• [DATA SEGMENT]:
──────

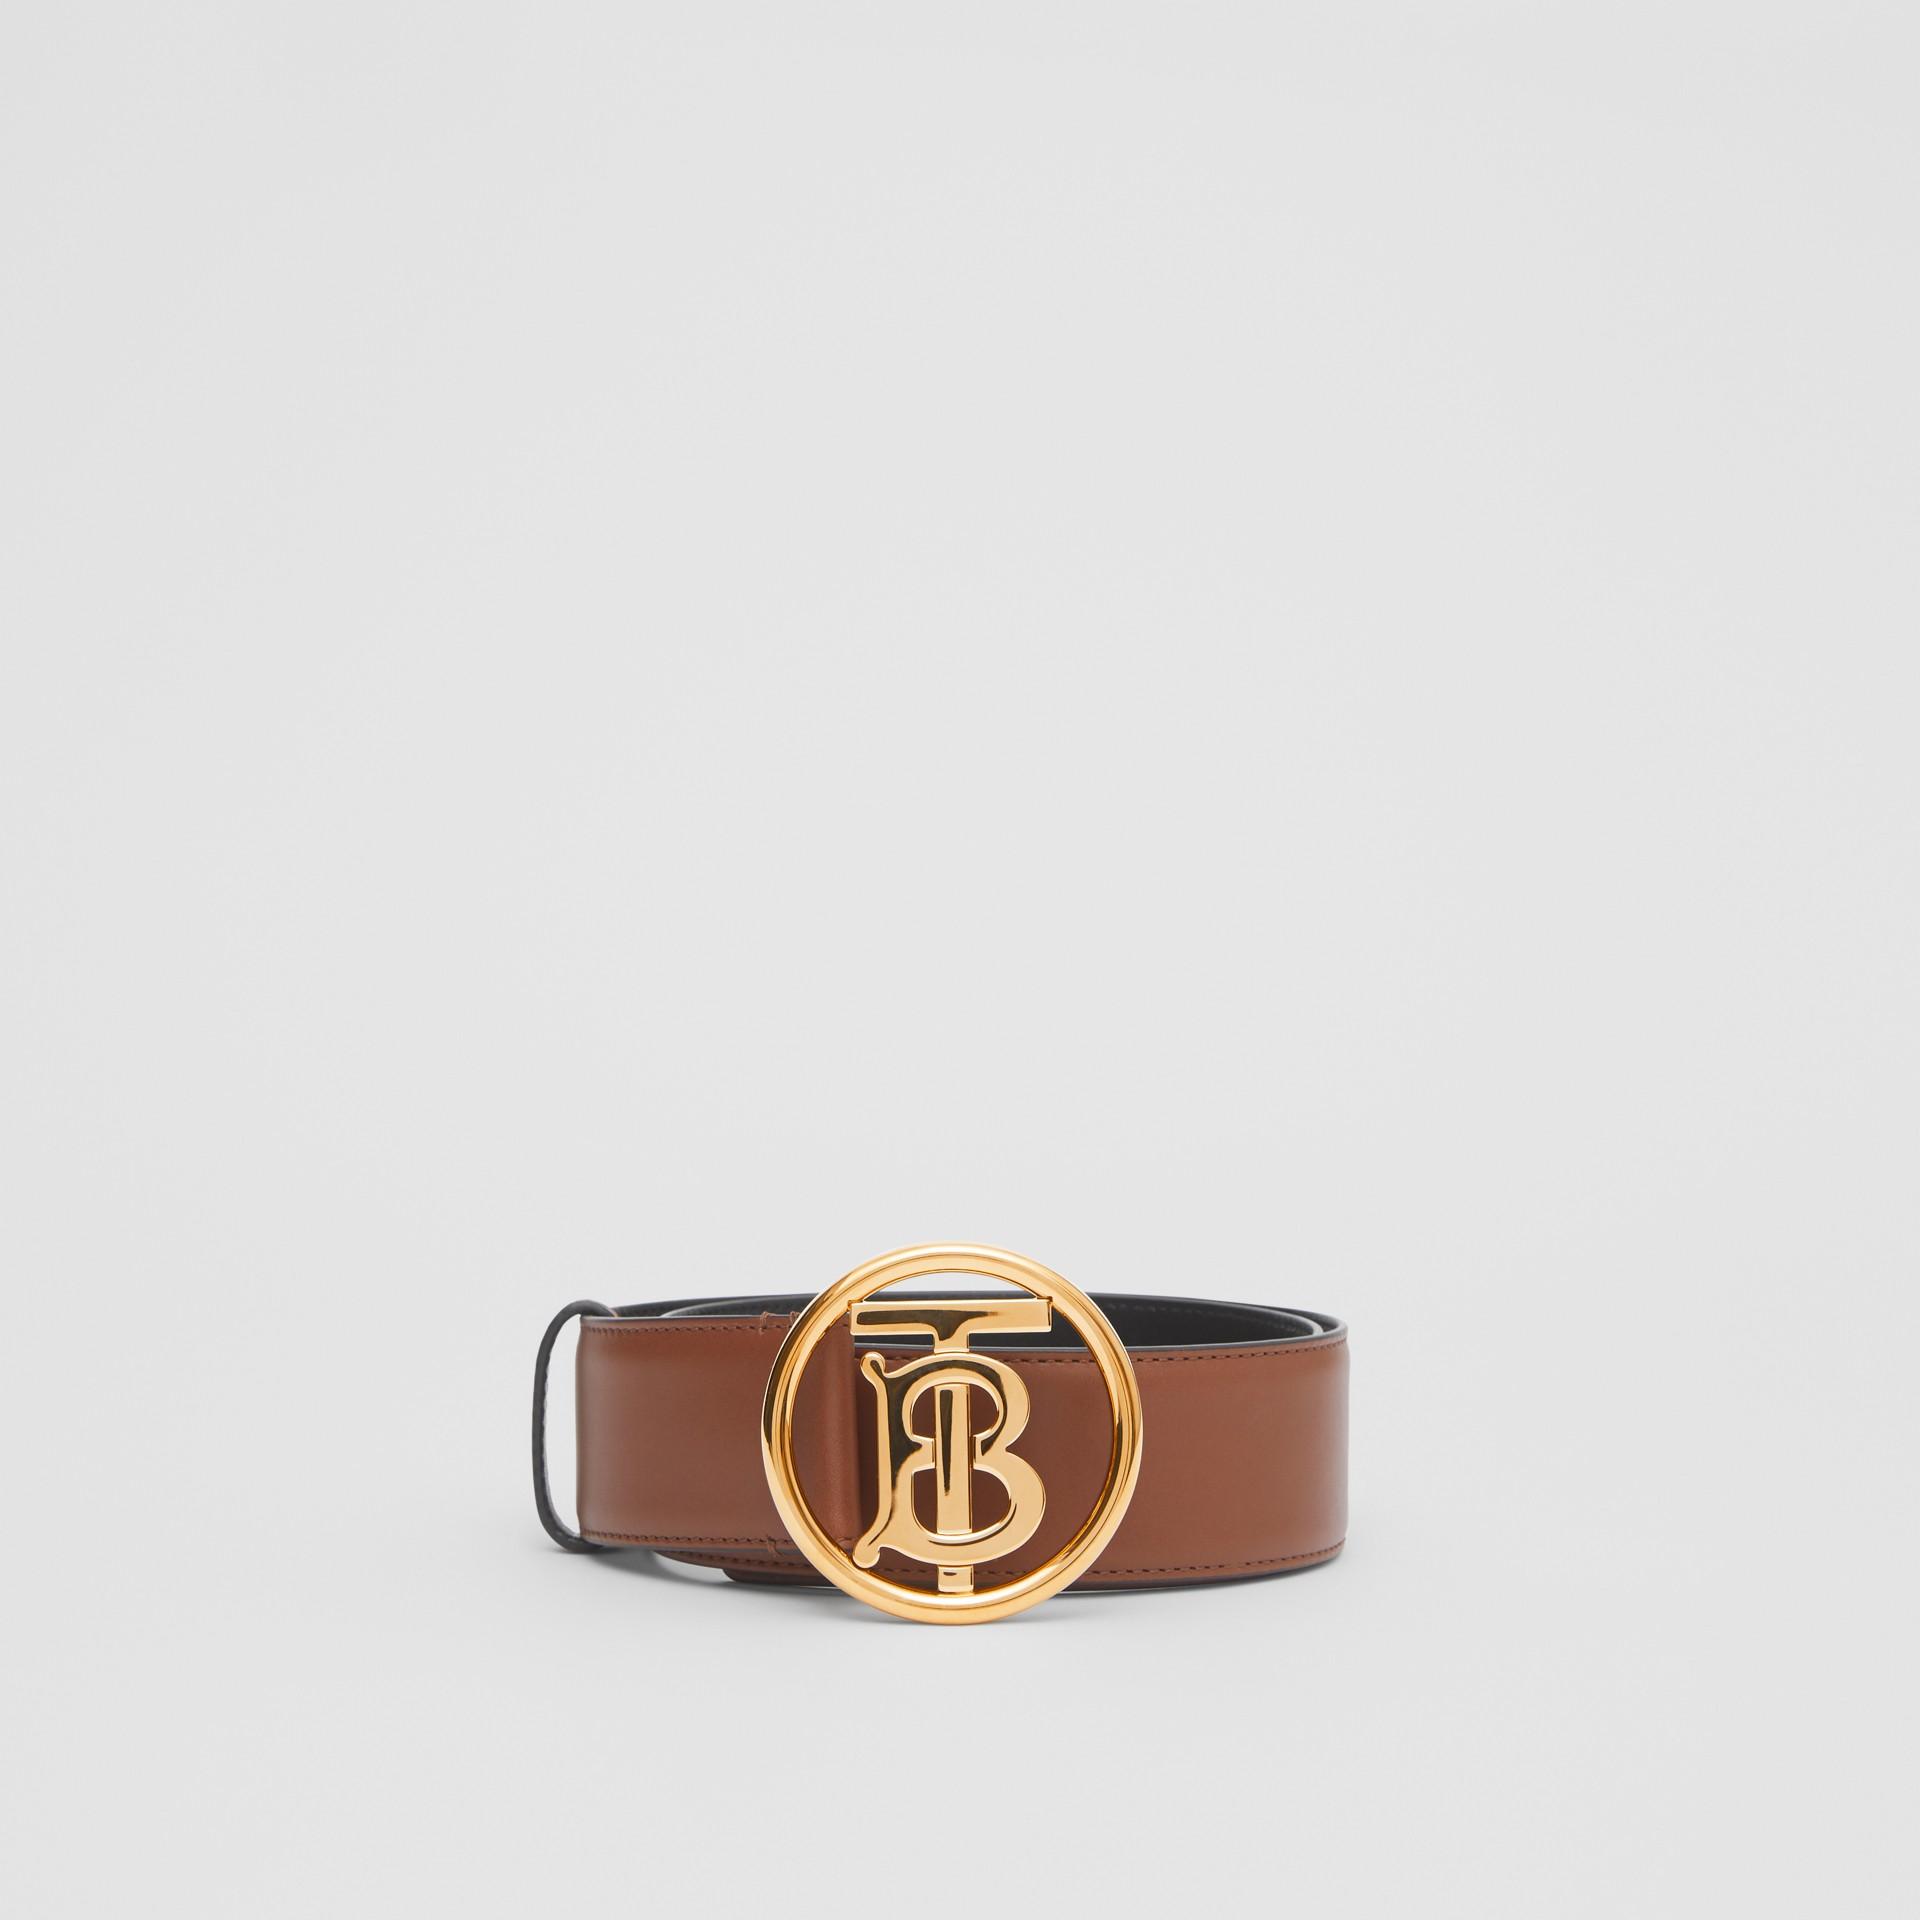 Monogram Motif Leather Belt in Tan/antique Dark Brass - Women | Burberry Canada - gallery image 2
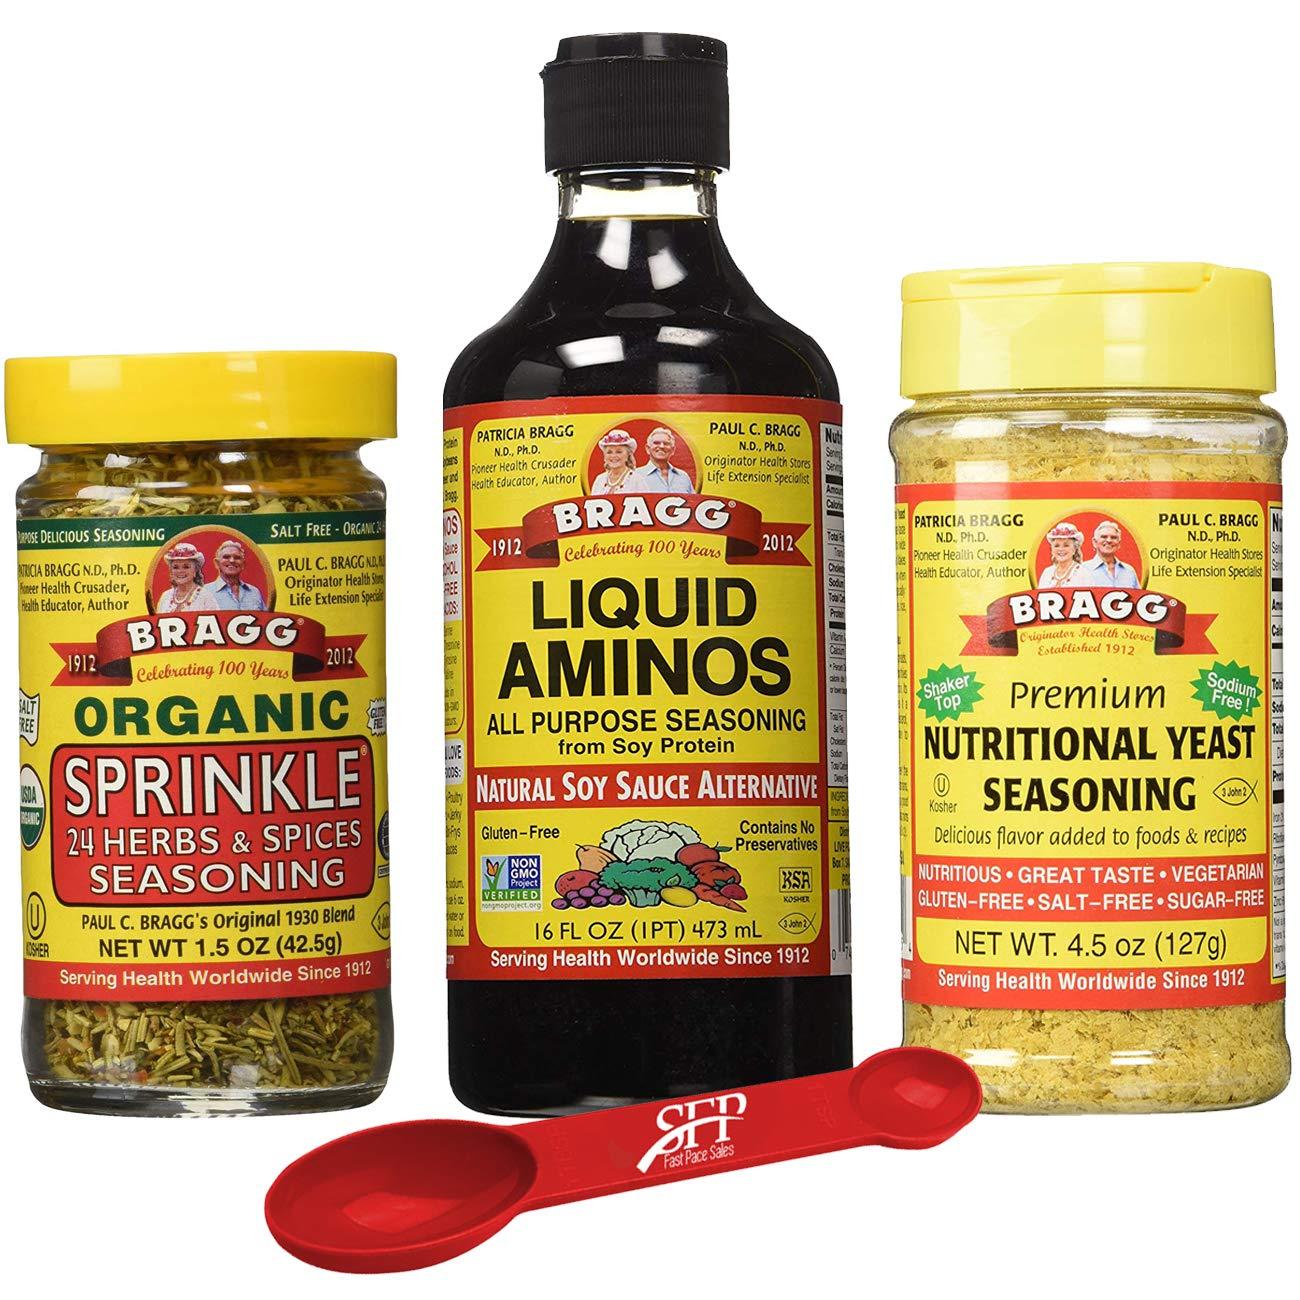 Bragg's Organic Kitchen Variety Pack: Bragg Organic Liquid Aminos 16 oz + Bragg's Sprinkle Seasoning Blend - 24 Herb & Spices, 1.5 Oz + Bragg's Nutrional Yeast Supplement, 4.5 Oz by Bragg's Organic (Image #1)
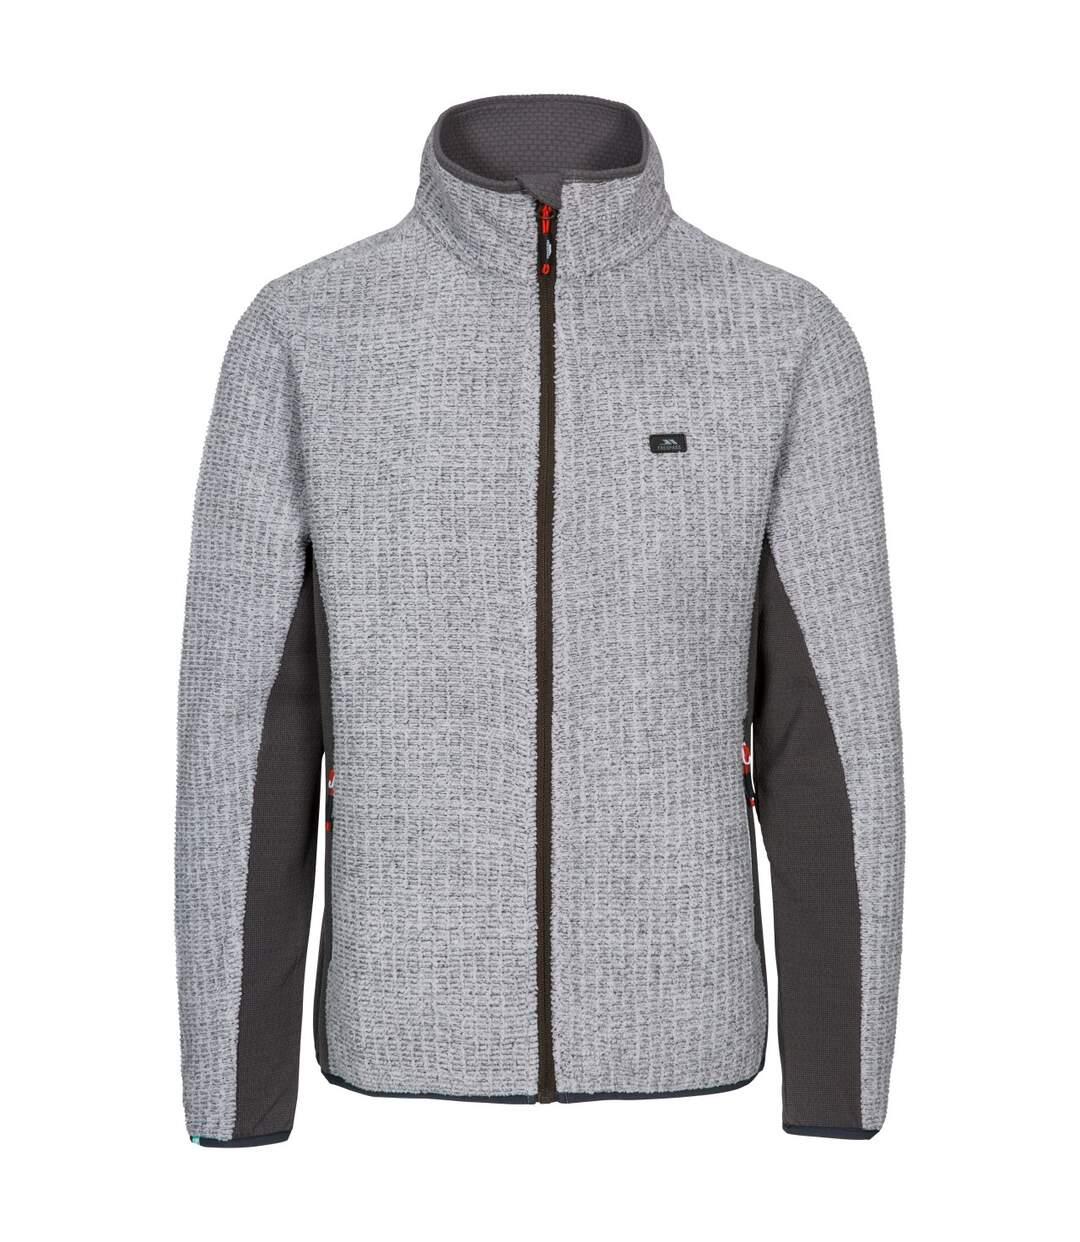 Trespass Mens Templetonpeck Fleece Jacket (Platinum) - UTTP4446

──────

• [WORK REQUEST]: Transcribe the listing exactly; omit all images.

• [OUTPUT BELOW]:
 Monogram Motif Leather Belt in Tan/antique Dark Brass - Women | Burberry Canada - gallery image 2
 Bragg's Organic Kitchen Variety Pack: Bragg Organic Liquid Aminos 16 oz + Bragg's Sprinkle Seasoning Blend - 24 Herb & Spices, 1.5 Oz + Bragg's Nutrional Yeast Supplement, 4.5 Oz by Bragg's Organic (Image #1)
 Trespass Mens Templetonpeck Fleece Jacket (Platinum) - UTTP4446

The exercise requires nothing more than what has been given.